Flashback to 1979: I learn to make and enjoy rice pudding with stewed fruit in 1979 at Finlaystone in the large, ancient kitchen. We serve it as dessert most days to our hard-laboring staff along with the largest meal of the day: lunch.
Nostalgia Bake, English Style
We prepare it using the English-style bottled milk with cream on the top, 2 pints, a handful of rice and some sugar. Then place the pudding a couple hours before lunch into the “slow oven” of the Esse coal-burning stove. When it is ready, we pull it from the oven and place it on a trivet on the wooden tea trolley along with the stewed fruit, and the rest of lunch. Drive the trolley down to the dining room, right at noon, no later, through its 3-foot-thick doorway. Enter the great dining room with an oversized fireplace and the trolley becomes the buffet station in the room. We serve the food around to each person seated at the large table, dish by dish, until all the sometimes 8 to to 10 and sometimes more plates are filled. Then the eating commences.
After the meal, but before the cheese and biscuits are passed around the table, the rice pudding is served with stewed fruit: the highlight of the meal.
Note…
A couple of caveats: use whole milk to get the esteemed brown skin to form on the top of the rice pudding. Another tip is to stone the plums, cherries, apricots or core the apples that you are using so that you don’t bite into the pits and seeds as you eat your pudding.

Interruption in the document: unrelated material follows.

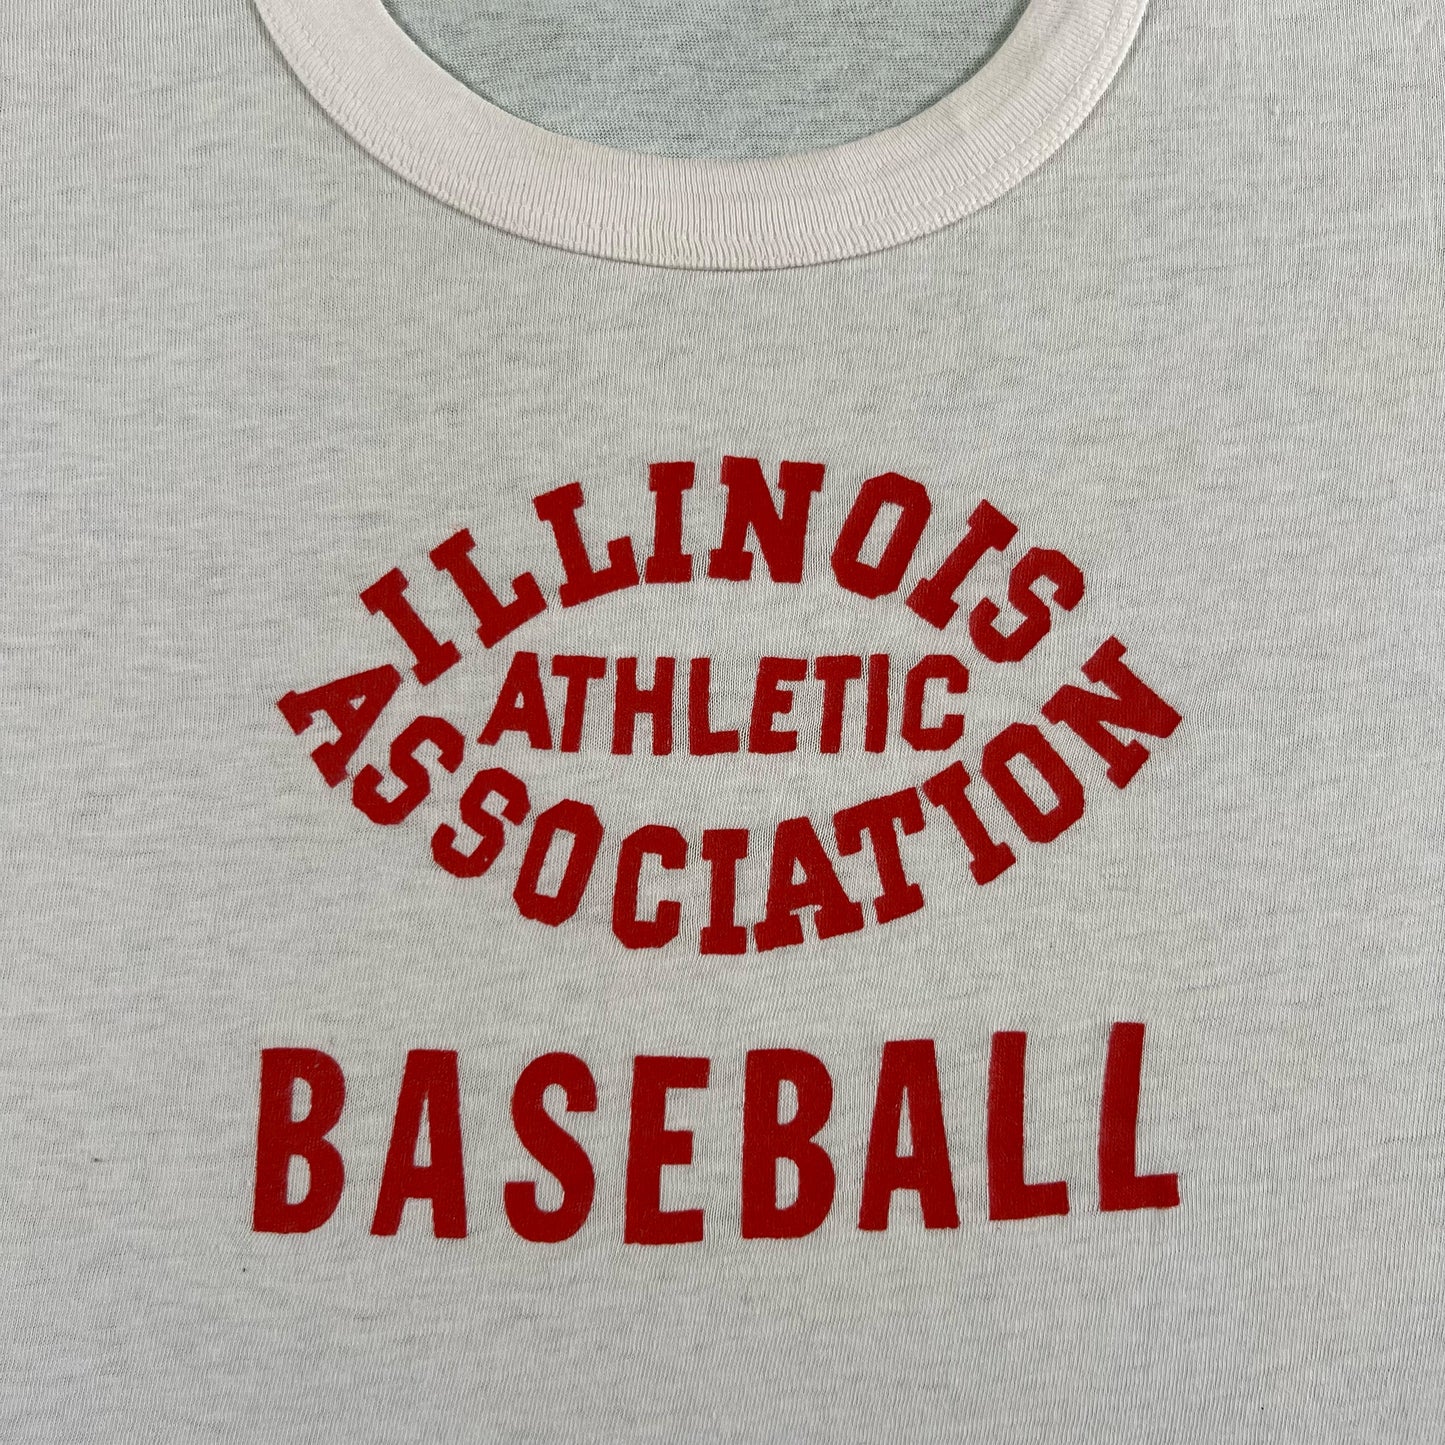 50s Illinois Baseball Tee- M
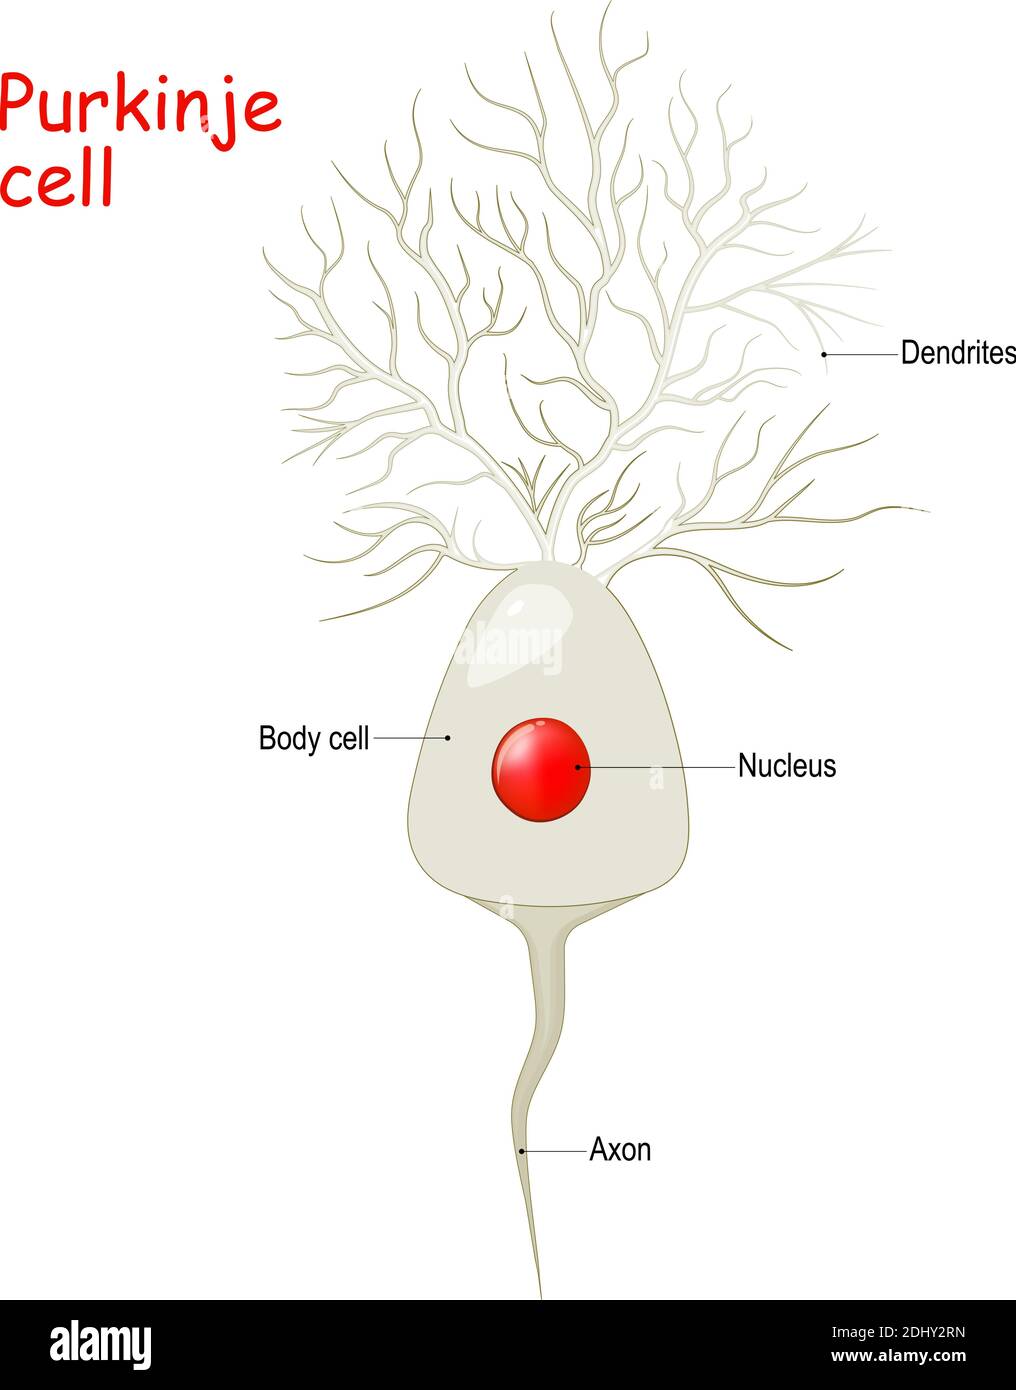 Anatomia cellulare Purkinje. Corpo cellulare con nucleo, dendriti e axone. Strato del cervelletto contiene i corpi delle cellule Purkinje Illustrazione Vettoriale

Below is Mrs. Beeton’s Victorian-era recipe for baked rice pudding and a stewed fruit recipe from The Joy of Cooking. For our busy, modern lives, rice pudding with stewed fruit might be more of a Sunday afternoon meal preparation than a lunch dish. You can prepare it quickly to bake for a couple hours along with a turkey or roast in the oven.
Baked Rice Pudding
Serves 3 to 4 persons
Ingredients – 1 pint of milk, 3 tablespoonfuls of rice, 1 1/2 tablespoonfuls of sugar, salt, nutmeg. Method – Pick and wash the rice, place in a greased pie-dish. Add the sugar, milk and a small pinch of salt. Sprinkle the surface with nutmeg, and bake in a slow oven (325 F) for about 2 hours. Note – Skim milk and a 1/2 oz. butter, or a level tablespoonful of chopped suet may be used instead of the milk.
Stewed Fruit
Makes several cups
Use whole or cut into halves and if necessary remove the seeds from: 4 cups of fruit such as plums, blueberries, apples, apricots or cherries. You may prick the fruit before dropping it into: 1 to 1 1/2 cups boiling water. Reduce heat at once and simmer until nearly tender (about 15 minutes). Add: 1/2 to 1 cup of sugar, depending on the tartness desired. Cook another 15 to 20 minutes until thickened.
Beverly Carrigan says
Looks very yummy! Spent last weekend with History Colorado tasting wine. We spent a nite at Gateway Resort, fabulous car collection.
Cooky says
Thanks, Bev! It was so good to have dinner with you and Ann in Mountain Village a few weeks back! Gateway is fabulous and really beautiful part of southwestern Colorado.